О том, что публикация личного послания с “социальным” обращением могла задеть Юсупова, свидетельствует — много позднее — желание потомков Н.Б. Юсупова отстоять первый печатный вариант заглавия как исходный и истинный: см. републикацию послания Юсуповыми в сборнике материалов по истории своего рода (как “Послания князю Н.Б. Юсупову”) с любопытным, не без ревности, примечанием: “Помещено в собрании сочинений Пушкина (изд.
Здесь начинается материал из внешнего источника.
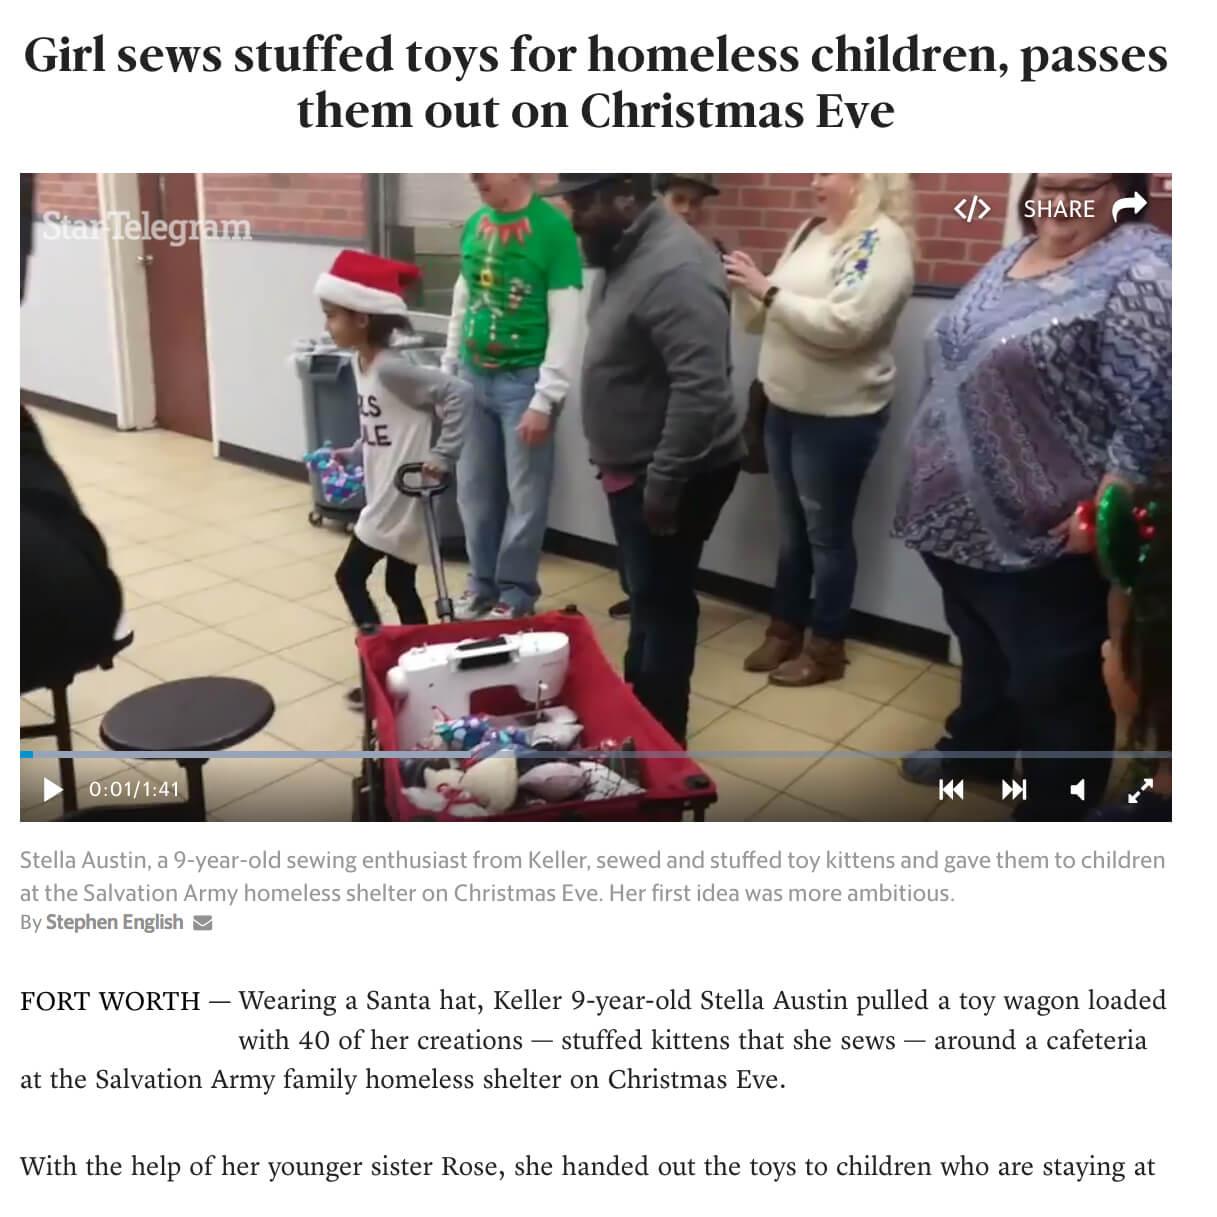 Girl Sews Stuffed Toys for Homeless Children

Анненкова) под заглавием “К вельможе””23. Ссылка не на прижизненное пушкинское издание “Стихотворений”, а на издание П.В. Анненкова, думается, дана не случайно, но призвана представить смену заглавия как самоуправство позднейших публикаторов. В пользу того, что мы имеем дело не с ошибкой, но с сознательной уловкой, говорит тот факт, что основной труд по составлению и подготовке к печати двухтомника “О роде князей Юсуповых” лежал на Б.М. Федорове24, который в отличие от своего сиятельного покровителя не мог не помнить о более ранних переизданиях послания, в том числе прижизненном 1832 года. В связи с этим и факсимильная публикация Праховым в 1907 году заглавия и первых строк альбомного варианта в качестве заставки к блоку материалов о послании представляется отчасти вынужденной: его тесные отношения с Юсуповыми совершенно исключали ситуацию, когда он мог бы себе позволить без ущерба для своей репутации в том семействе, а следовательно, и для своих научных интересов проигнорировать их точку зрения по данному вопросу.
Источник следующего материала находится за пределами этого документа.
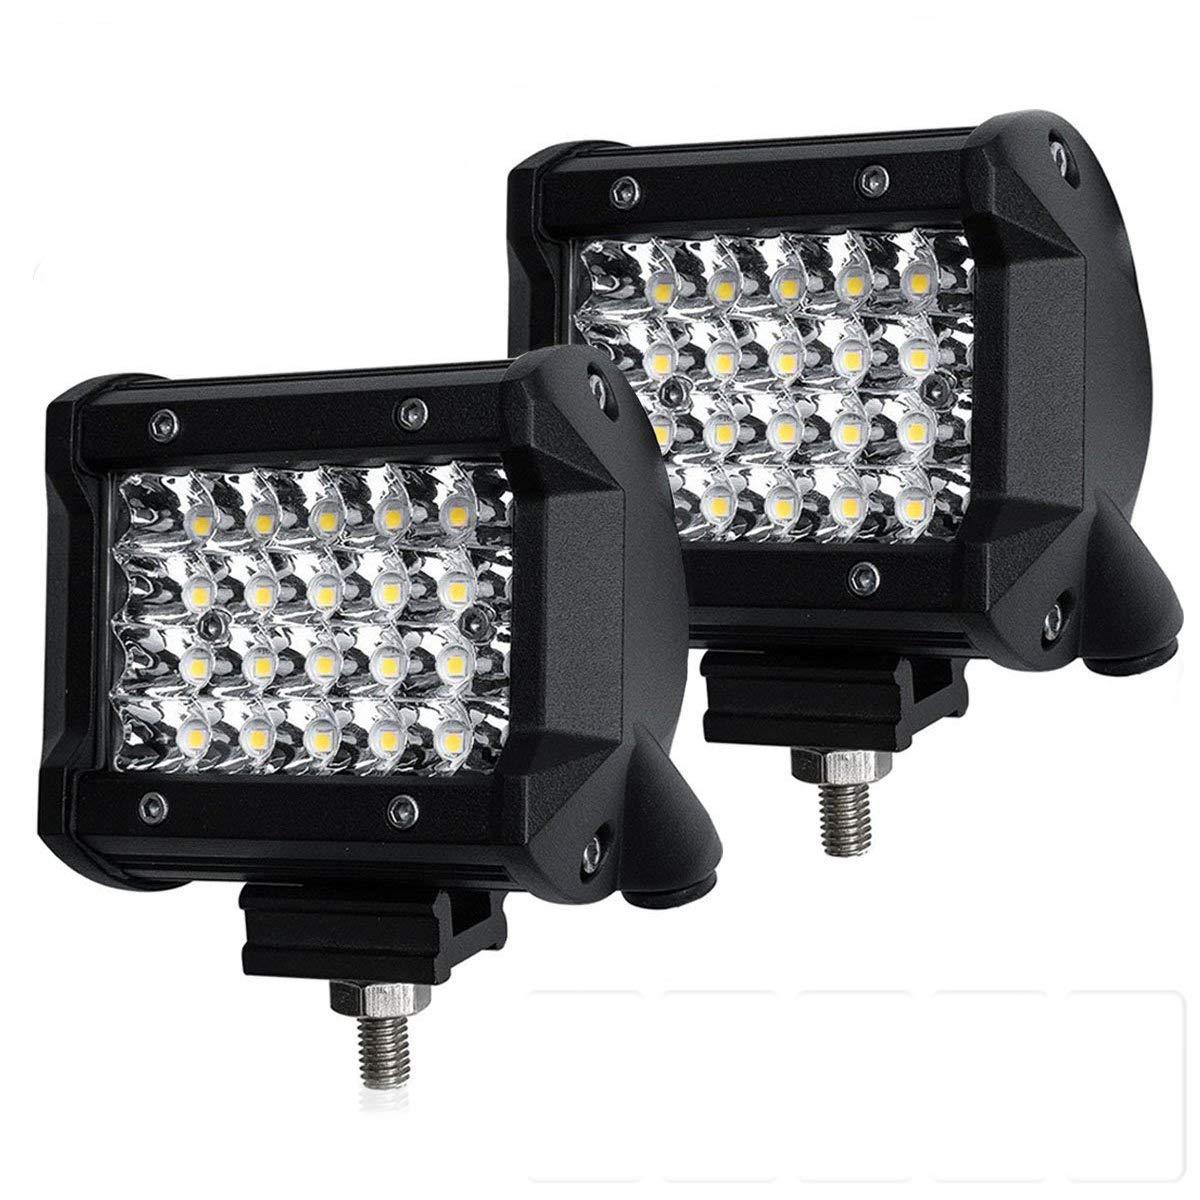 Jiehe 4.5 27 W 6000 K-6500 K luz dí a LED 1150 lm Guí a La lá mpara de la niebla

Заметим также, что случаи применения Пушкиным в заглавиях его более чем 120 посланий социально-ролевых обращений весьма нечасты и в основном касаются лиц дружеского и приятельского круга. Еще более редки, попросту единичны, случаи использования в качестве обращений профессиональных, сословных или отсылающих к социальному положению адресата понятий, причем они никогда не касаются лиц с более высоким, чем у Пушкина, социальным статусом25. Как бы то ни было, даже если “дистанция между реальным прототипом и художественным образом”26 при выборе заглавия какое-то время и оставалась прежней, то изменившийся угол зрения явно корректировал соотношение в этом образе социального и индивидуального. Пушкин не мог не отдавать себе отчета в том, что личное обращение несколько искажает его первоначальный замысел, однако, меняя название, скорее всего, не предполагал, что общественная реакция будет столь резкой, как вышло на самом деле27.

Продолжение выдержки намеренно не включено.